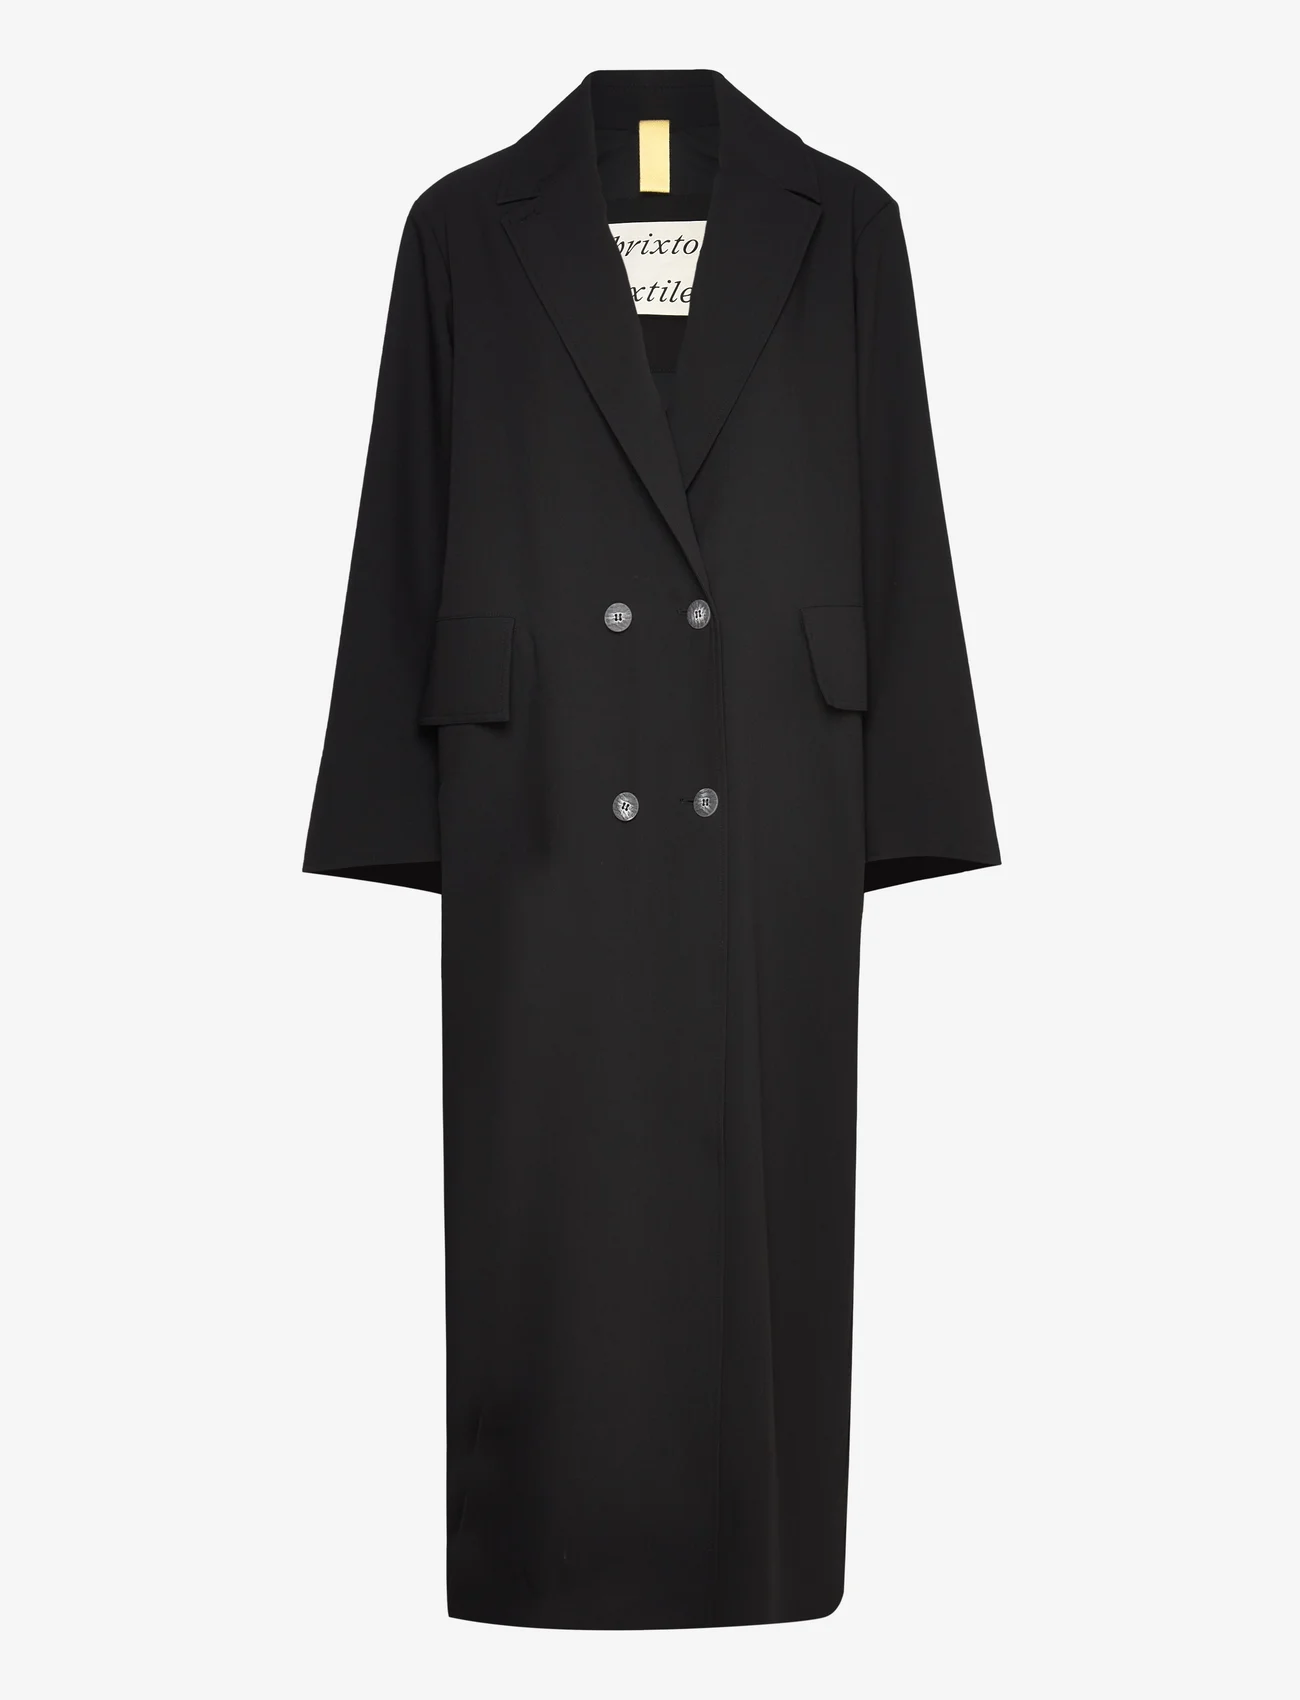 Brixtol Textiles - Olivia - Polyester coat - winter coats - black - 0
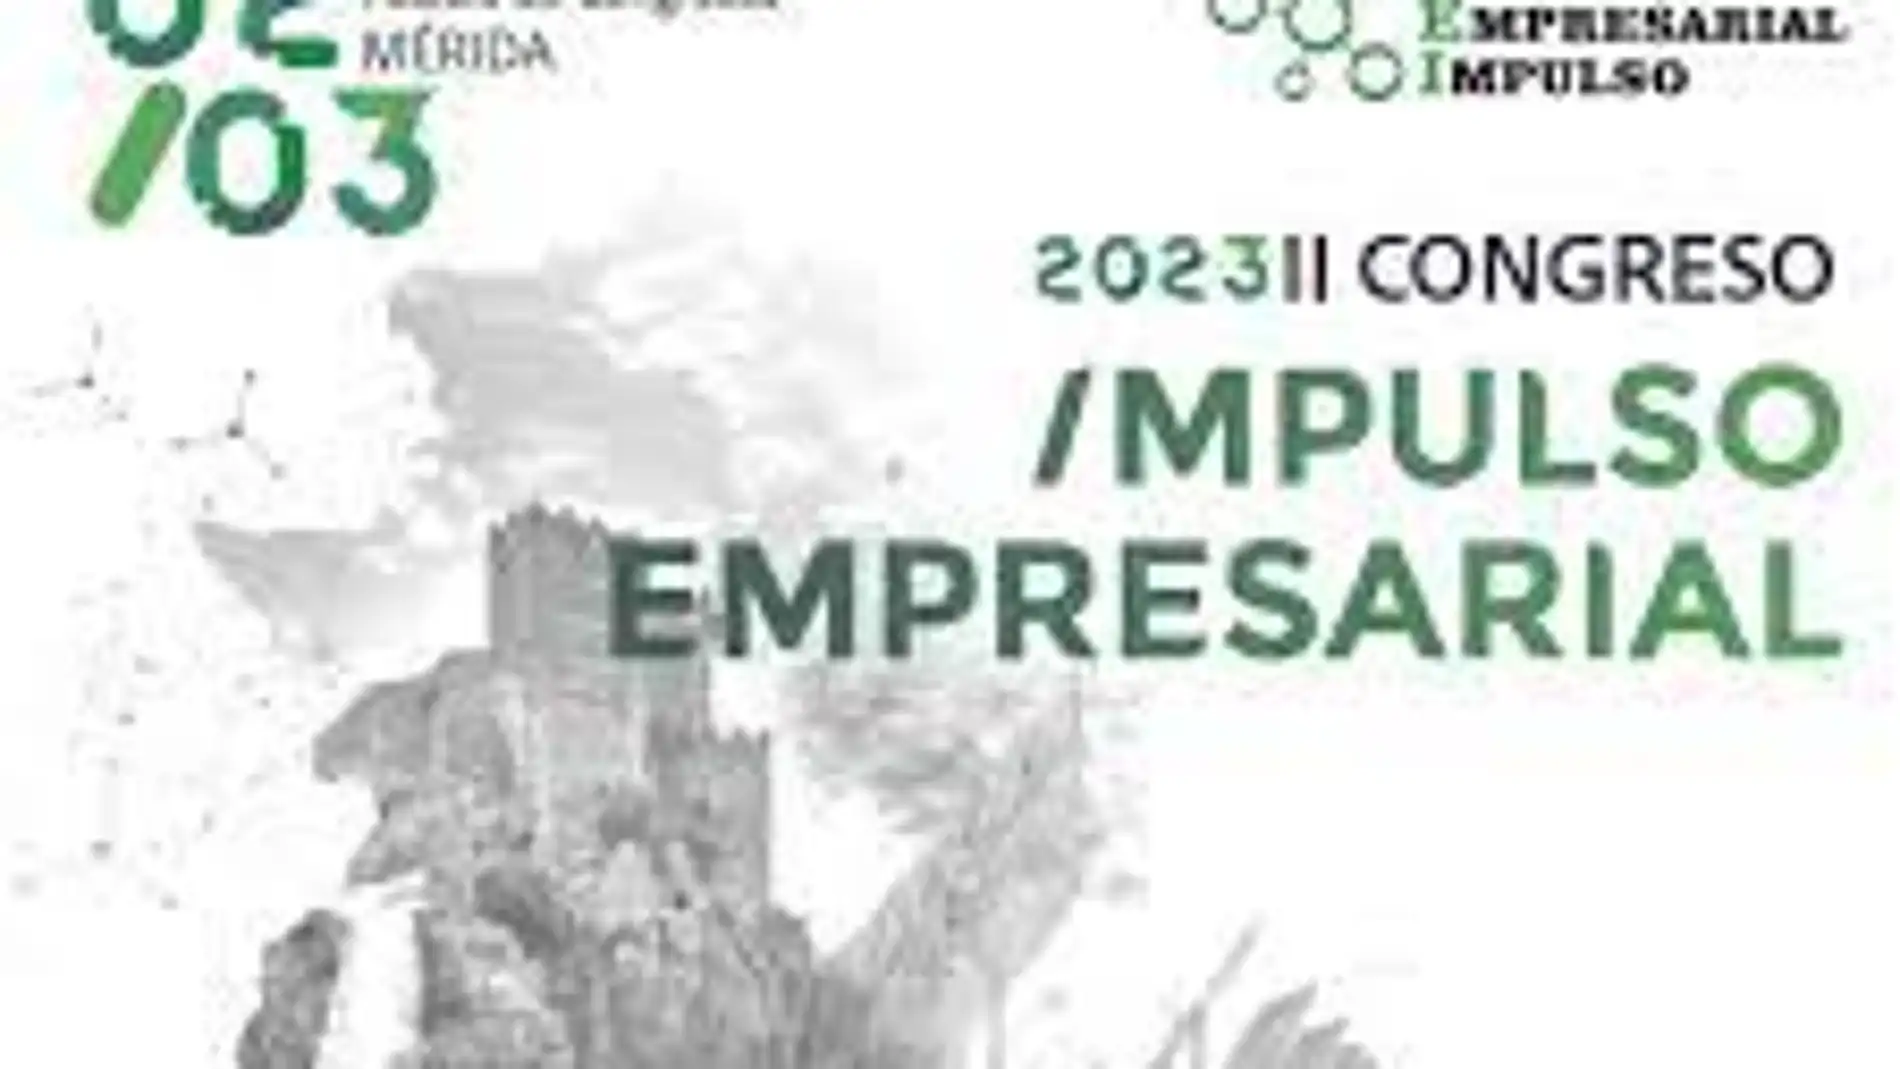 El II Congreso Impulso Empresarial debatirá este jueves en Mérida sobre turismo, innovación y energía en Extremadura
--
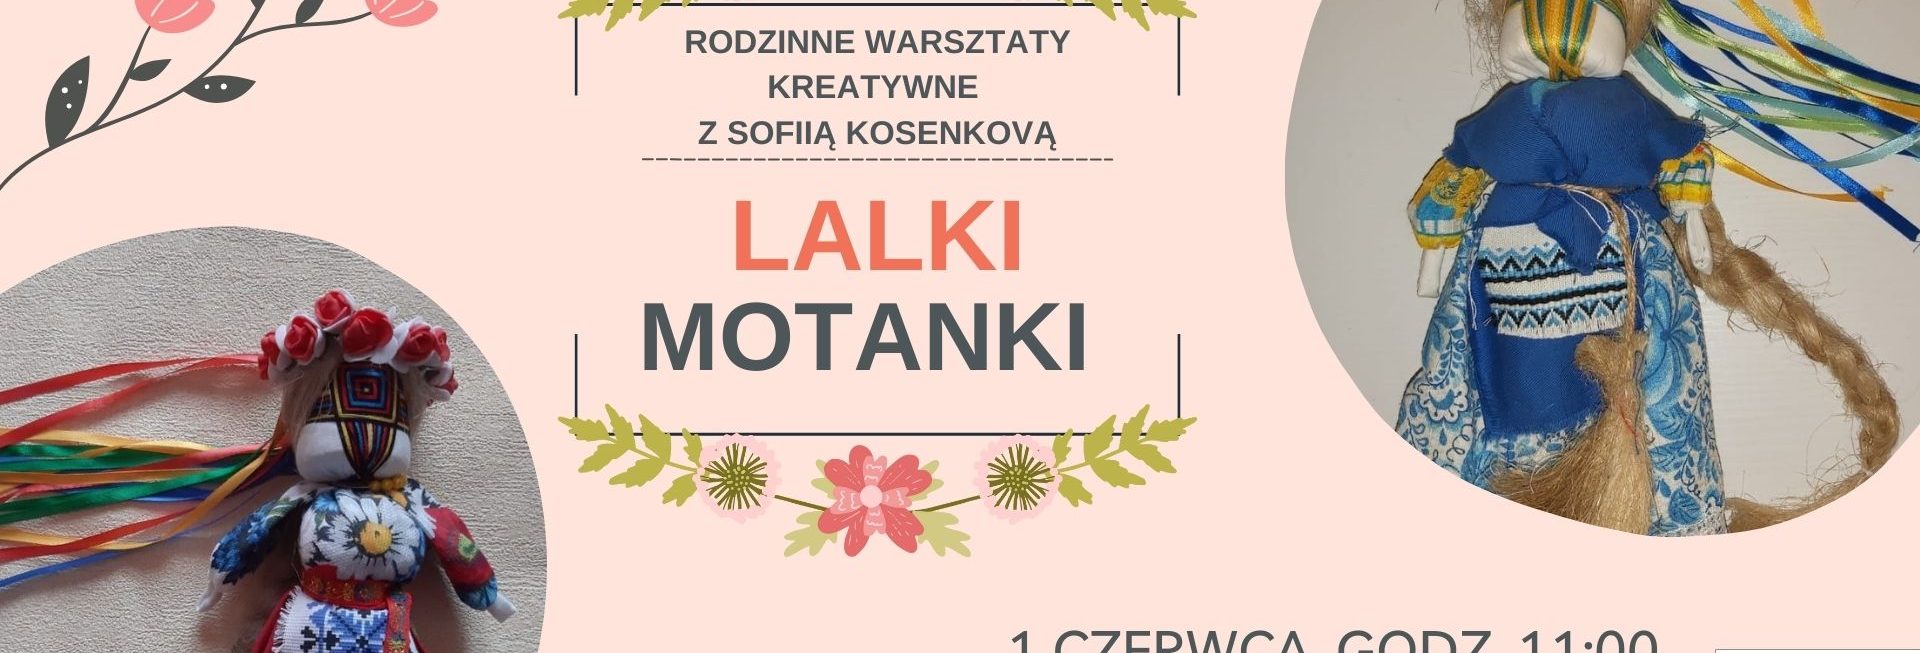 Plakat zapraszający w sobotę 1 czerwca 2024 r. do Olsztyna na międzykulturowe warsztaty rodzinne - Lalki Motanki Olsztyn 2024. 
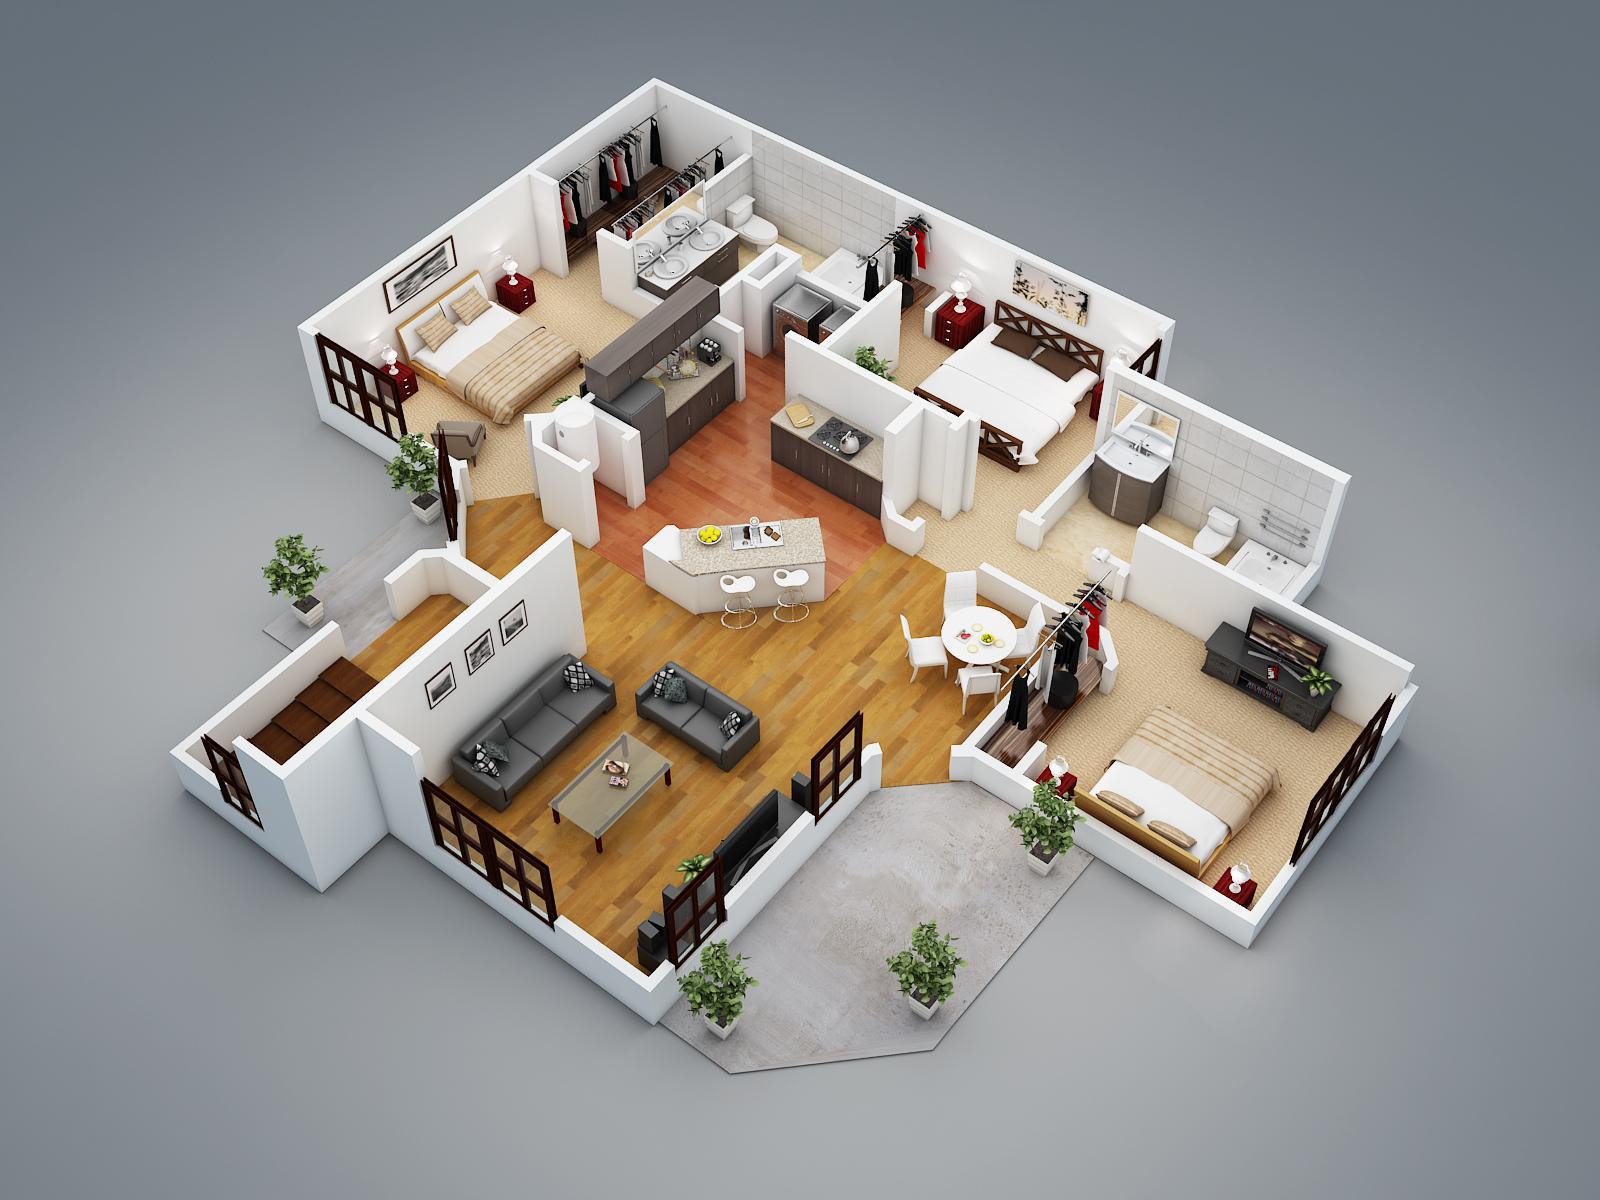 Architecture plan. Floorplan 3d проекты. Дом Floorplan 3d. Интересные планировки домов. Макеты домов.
---
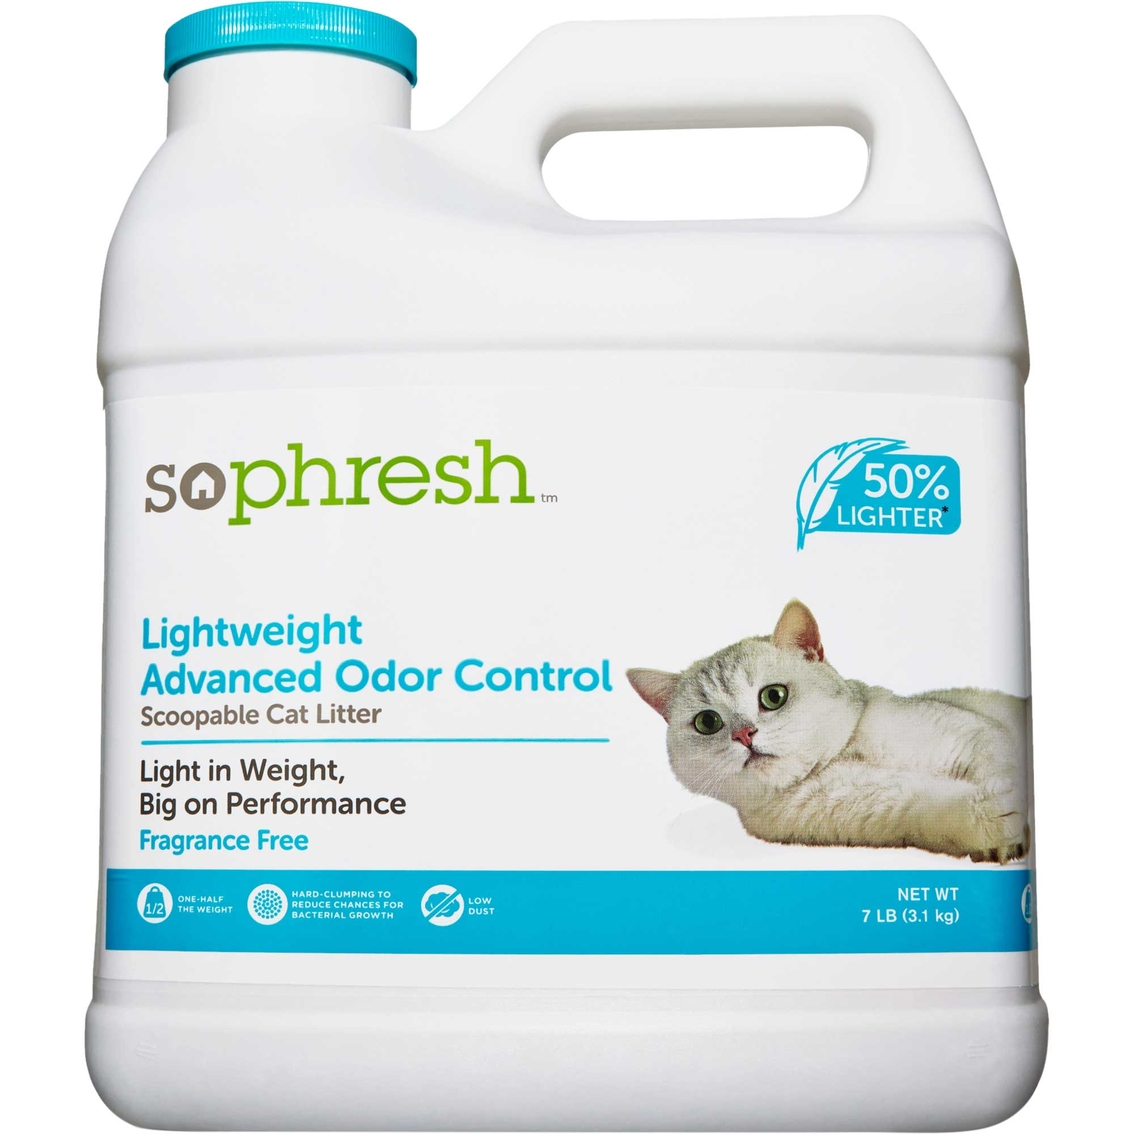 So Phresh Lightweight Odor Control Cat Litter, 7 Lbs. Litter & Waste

* The problem:
Print from the line containing "Brixtol Textiles - Olivia" through the line containing "El II Congreso" in the data above, exactly as the lines stand, and omit every picture.

* Response:
 Brixtol Textiles - Olivia - Polyester coat - winter coats - black - 0
 El II Congreso Impulso Empresarial debatirá este jueves en Mérida sobre turismo, innovación y energía en Extremadura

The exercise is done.